There certainly are caches capable of doing this, and some of the boards
allow for it but I really don't know of any particular board/setup that
actually USES random replacement over FIFO or LRU (or PLRU).  If there
are, they are certainly in the minority and for those I'd be ok with a
cache description marking the replacement policy and on those small
cases we can default to the original flush line by line.

-Adam

_______________________________________________
OSTech
http://community.qnx.com/sf/go/post17549
Re: Thoughts on flushing the dcache more efficiently  
On Fri, Nov 28, 2008 at 09:56:33AM -0500, Adam Mallory wrote:
> From my experience (limited as it may be) that ability tends to be an
> option in configuration amongst others such as LRU.  Do we currently
> have boards that do random replacement per way and we configure it that
> way?

We may never set it up that way, but we can't stop external BSP developers
from doing it - procnto should be able to deal with it.

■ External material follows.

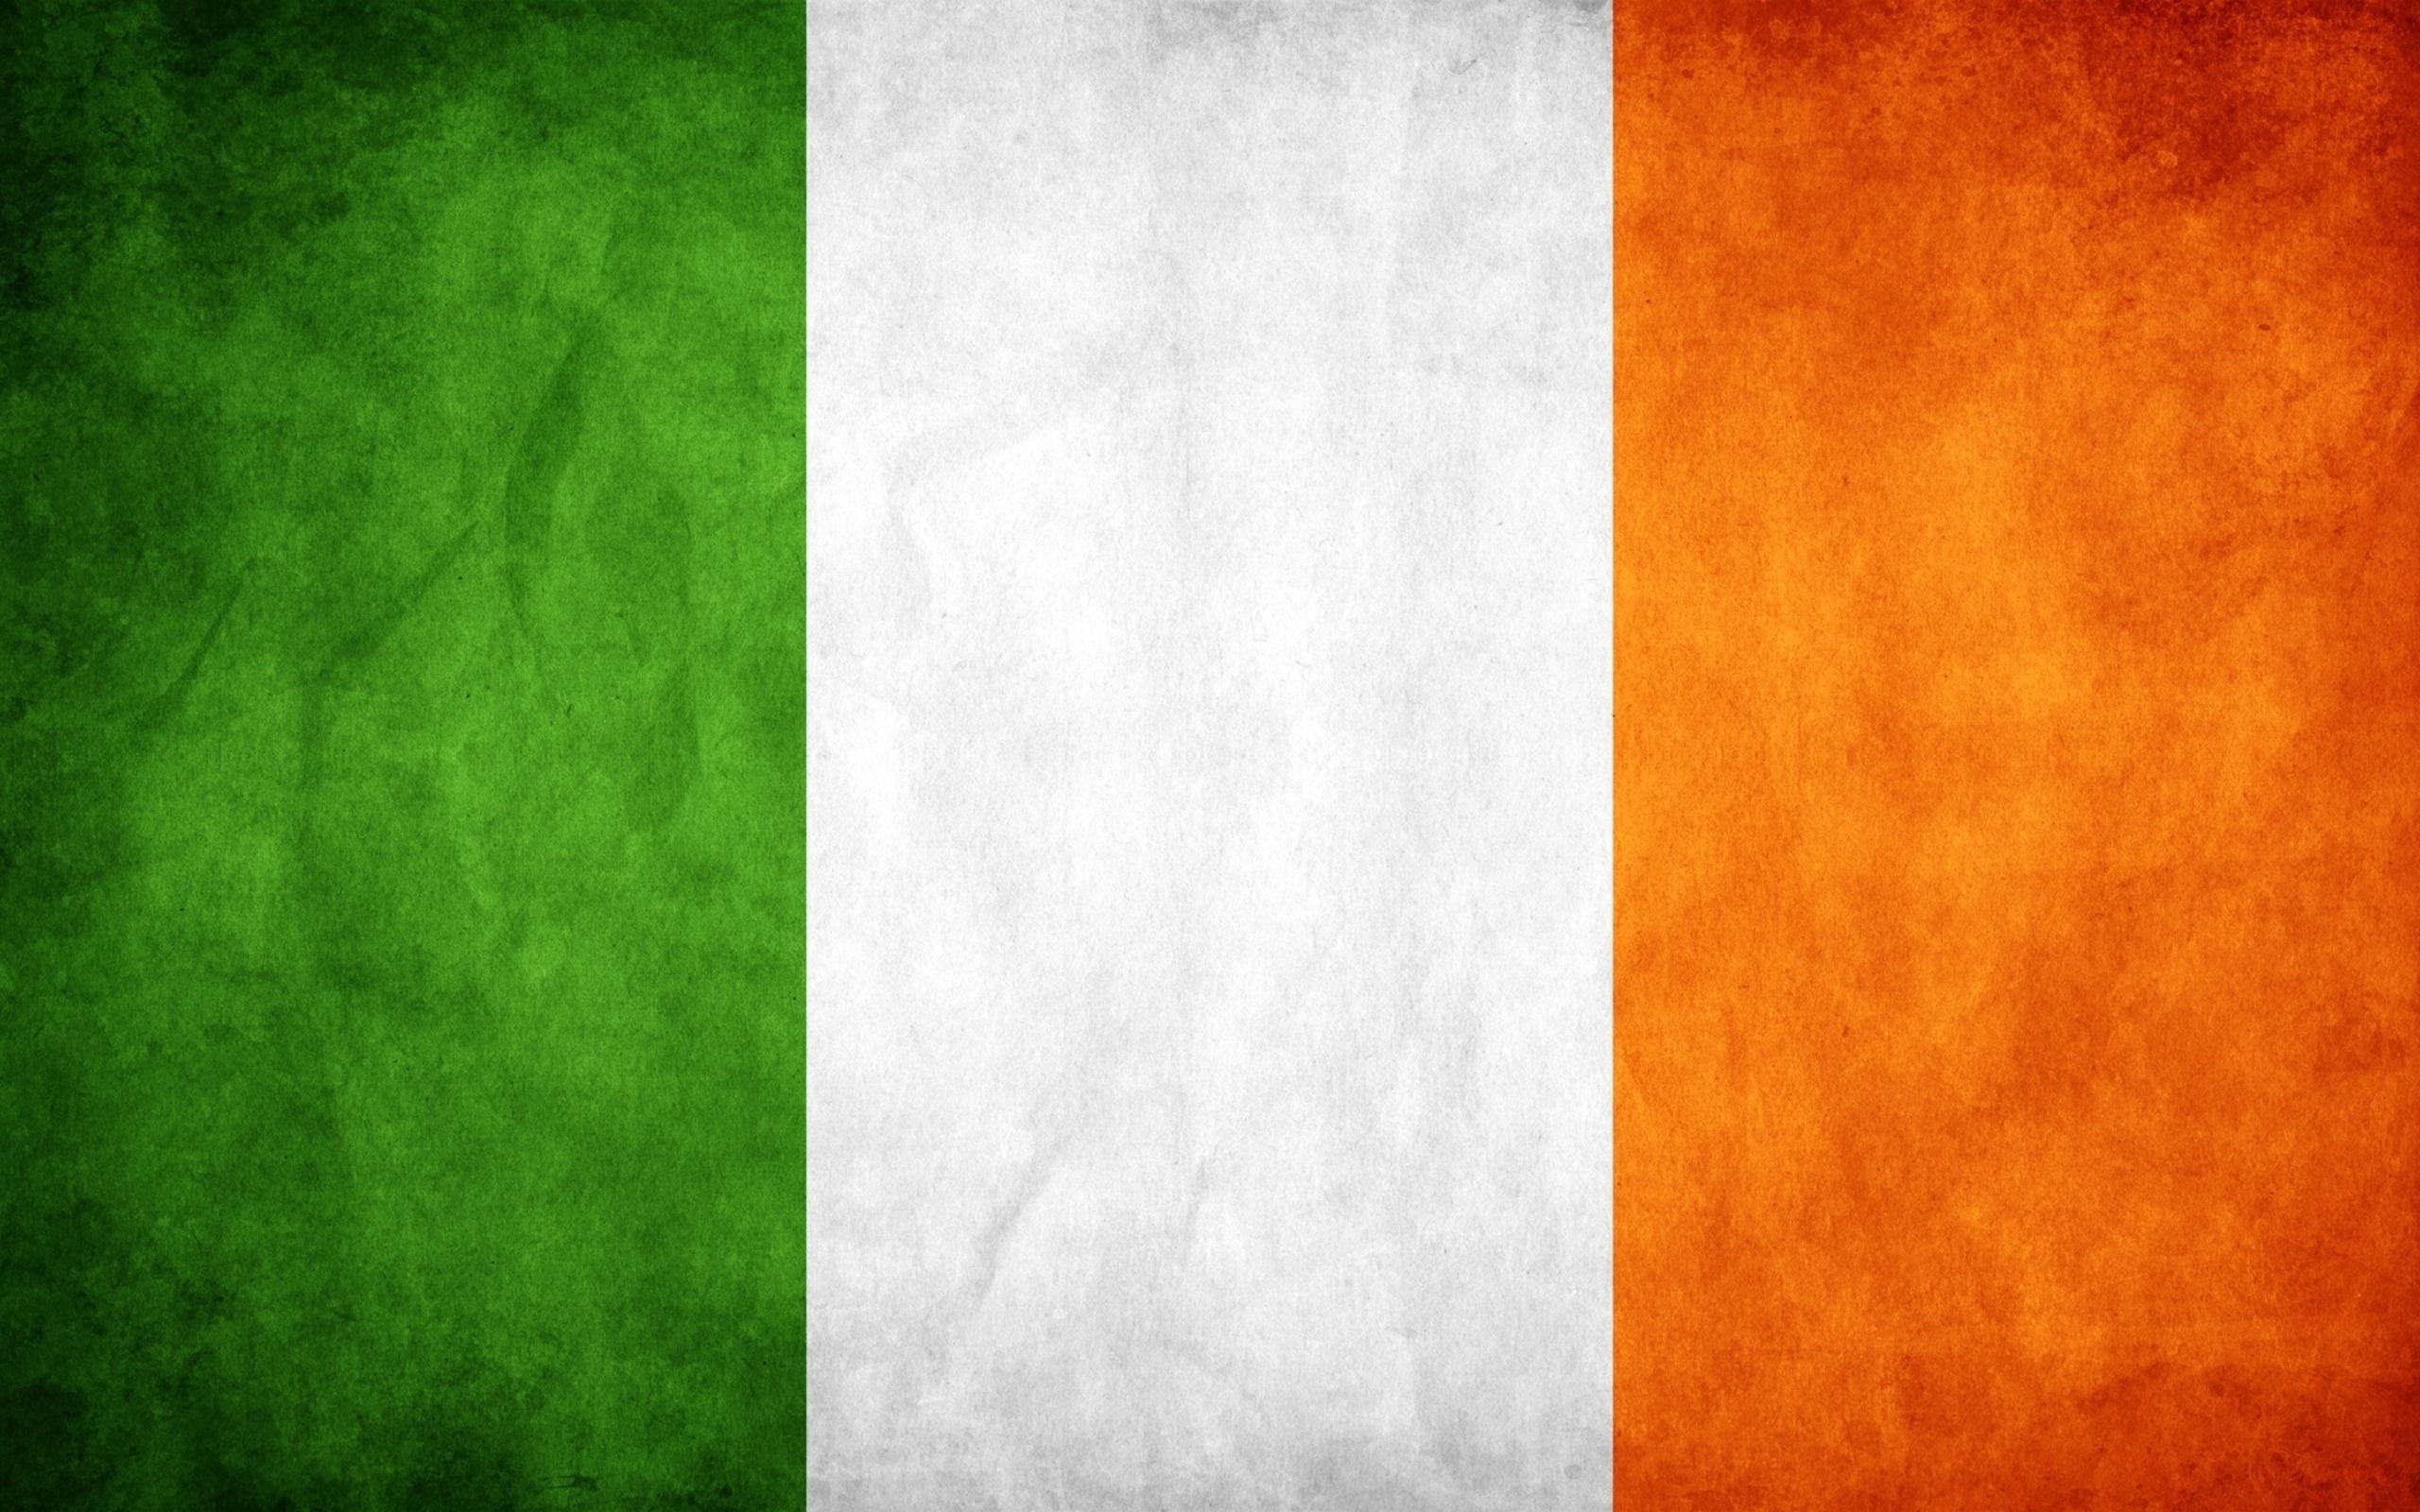 ирландский флаг картинки вам

> > I think the place for the solution is in the callouts. They know what
> > the replacement policy is and they'd know if there's a fast mechanism
> > to flush/invalidate the full cache. If they see a big request, they
> > can just do their quick thing and return zero - the upper levels treat
> > that as an indication that whole cache is done and early out. The
> > downside
> > is, of course, that we have to implement the fix multiple times and in
> > assembler but I think it's the best way of making sure that the cache
> > is actually flushed/invalidated.
> 
> Putting aside that I don't agree with the constant writing of code in
> assembler and having to repeatedly do the same thing over and over but
> slightly different each time (and the inherent bugs that come with doing
> it this way).  I think we're limited in what the callouts can do.  For
> the sake of argument say I wanted to pollute the cache as I've done in
> the kernel (and I know the cache is no random replacement).  What base
> address could I use to do this?  The startup writers wouldn't know of a
> common area that could be 'abused' so they would be forced to mmap the
> memory which is wasteful and it would have to be done via a patcher
> routine which is really unfortunate.

True, but there don't tend to be too many cache callouts written - it tends
to be one per architecture, aside from chip bug workarounds (ARM being
the main exception). That means that we correct the callouts in our
library and everyone will benefit.

> I guess if we could provide such an address to the callouts, they could
> optionally use it.  I'll have to marinate on that a little longer.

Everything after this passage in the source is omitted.